# Photos of Blue Heeler Pup



## Jes (Apr 25, 2013)

Photos of Sigrid

Just wanted to share photos of my Blue Heeler pup. I named her Sigrid (pronounced *see-grid*); an online translator told me that it means "beautiful victory", which is fitting. She was playing fetch the day I brought her home at six weeks of age. Since then, I've trained her to sit, lay down, speak, leave it, stay, come, turn left, turn right, "get it", and "ouch" (for when she gets too rough with her teeth; she stops instantly and begins licking instead). Sigrid learned to obey all of that as both verbal commands and hand commands, used separately or together. She walks very well on a leash...very stubborn when it came to housebreaking, but I know that once she is older, it won't be an issue. 

...I don't know whether to use present tense or past tense when talking about her...

It's killing me that she's missing.


----------



## Southern by choice (Apr 25, 2013)

How long has she been missing?


----------



## Jes (Apr 25, 2013)

Since Sunday at 2 pm...she turned 4 months old last Thursday. 

I was playing with Jessie (our golden retriever) and Sigrid in the yard; I took two minutes to water the chickens and when I turned around they were gone. Jessie came back six hours later (she had very obviously been wandering in the woods, again) but Sigrid wasn't with her. I suspect that she's probably dead in the woods somewhere. I'm still asking around in case someone found her, but...


----------



## Southern by choice (Apr 25, 2013)

So sorry. 
I am sure you have already done this but call every vet in the area and let them know. Hopefully you have her rabies tag on her collar.
Call on all the farms etc in your area. I doubt she is dead. Maybe picked up though... who wouldn't snatch up a heeler pup. Put your craigslist add up etc.

Really hope you get her back.


----------



## Jes (Apr 25, 2013)

She has a collar on but no tags. Ask me how much I'm regretting that right now.

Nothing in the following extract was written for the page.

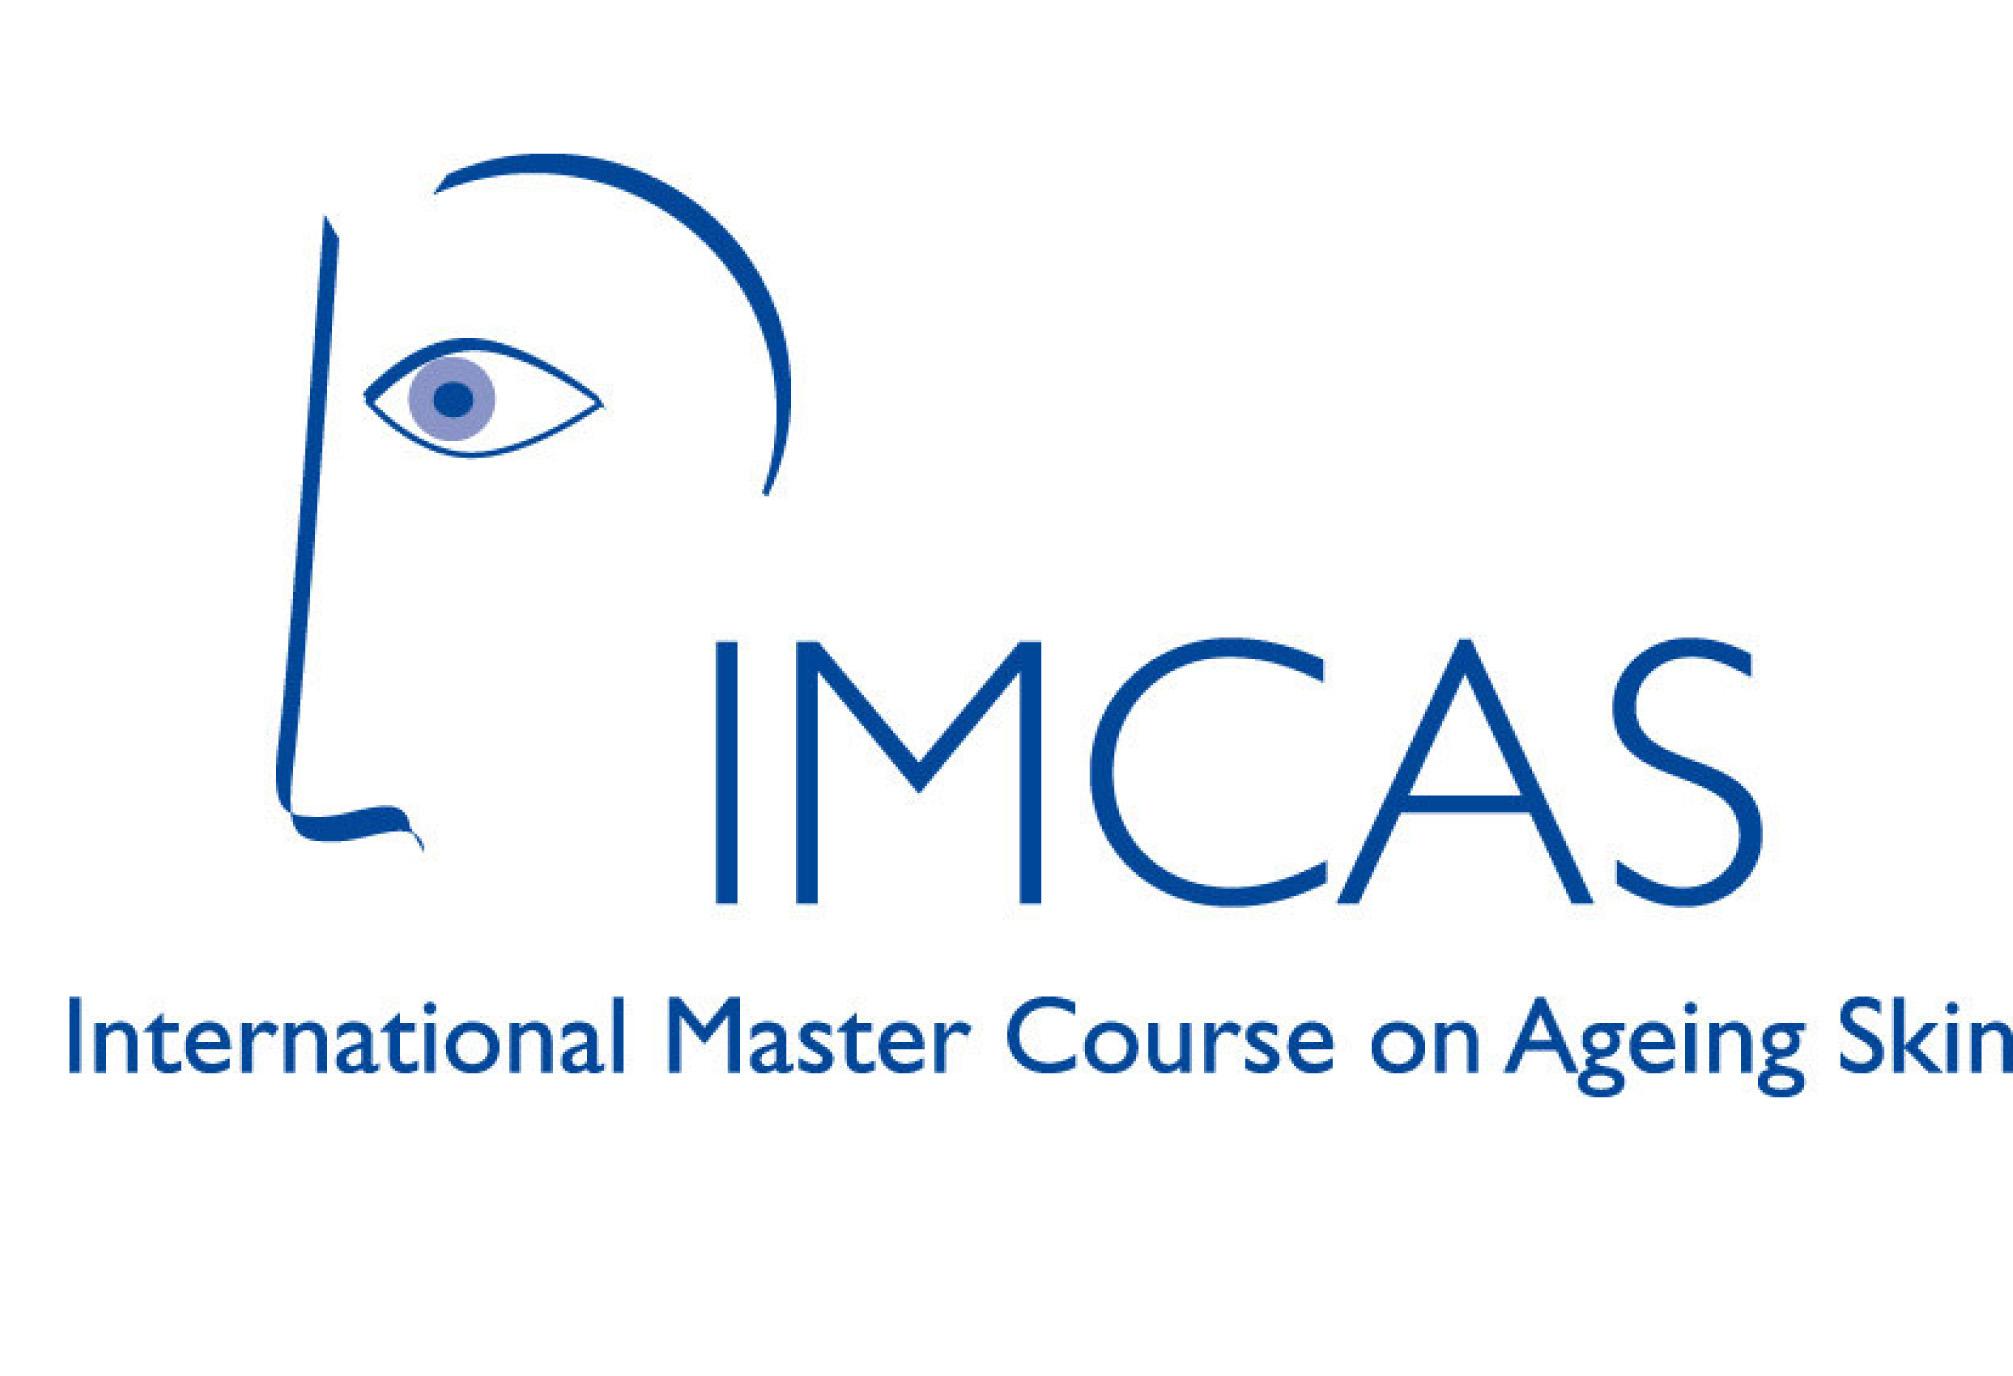 Прогноз от IMCAS на 2012 год: динамика положительная

I've been hitting up all the neighbors every afternoon when I get home from work. I haven't contacted all of them YET but am working on it. For  the one I can't speak to, I'm going to leave flyers in mailboxes. I've got ads up on Craigslist, FB, in the county newspaper. I've contacted all of the vets, shelters, and rescues that I can think of, plus put up flyers at the sheriff's office, the county clerks office, the post office, and my local vet and local animal shelter. I've got everyone I know keeping an eye out for her.


----------



## Jes (Apr 25, 2013)

FOUND HER DOUND HER FOUND HER!!!!!!!

ALIVE!!


----------



## Southern by choice (Apr 25, 2013)

YES!!!!!!!!!!!!!!!!!!!!!!!!!!






  

Where was she!? :bun


----------



## Jes (Apr 25, 2013)

Down the road at someone's house. Thy said she turned up on their doorstep last night!!! So she spent 3 days and nights on her own and SURVIVED!! At 4 months old!!


----------



## Southern by choice (Apr 25, 2013)

So happy for you Jes oh and btw  

Dogs are my heart.  Glad for a happy ending!


----------



## Jes (Apr 25, 2013)

I bathed her and de-ticked her and trimmed her nails and tomorrow we are getting TAGS!! We're gonna make an appt with the vet to get her shots and spayed and see how much micro-chipping costs. I NEVER want to go through this AGAIN!


----------



## woodsie (Apr 25, 2013)

So glad to hear you had a happy ending! It is such an awful feeling losing your dog....I wish I didn't know from experience. Yay!!!


----------



## Pearce Pastures (Apr 26, 2013)

SO happy for you!


----------



## CritterZone (Apr 27, 2013)

Micro-chipping is cheap.  Your vet should do it for about $20 when you have her spayed.  It costs $15 -20 to register the chip with the manufacturer.  It is worth every penny!  Adorable puppy BTW - I LOVE my Cattle Dog


----------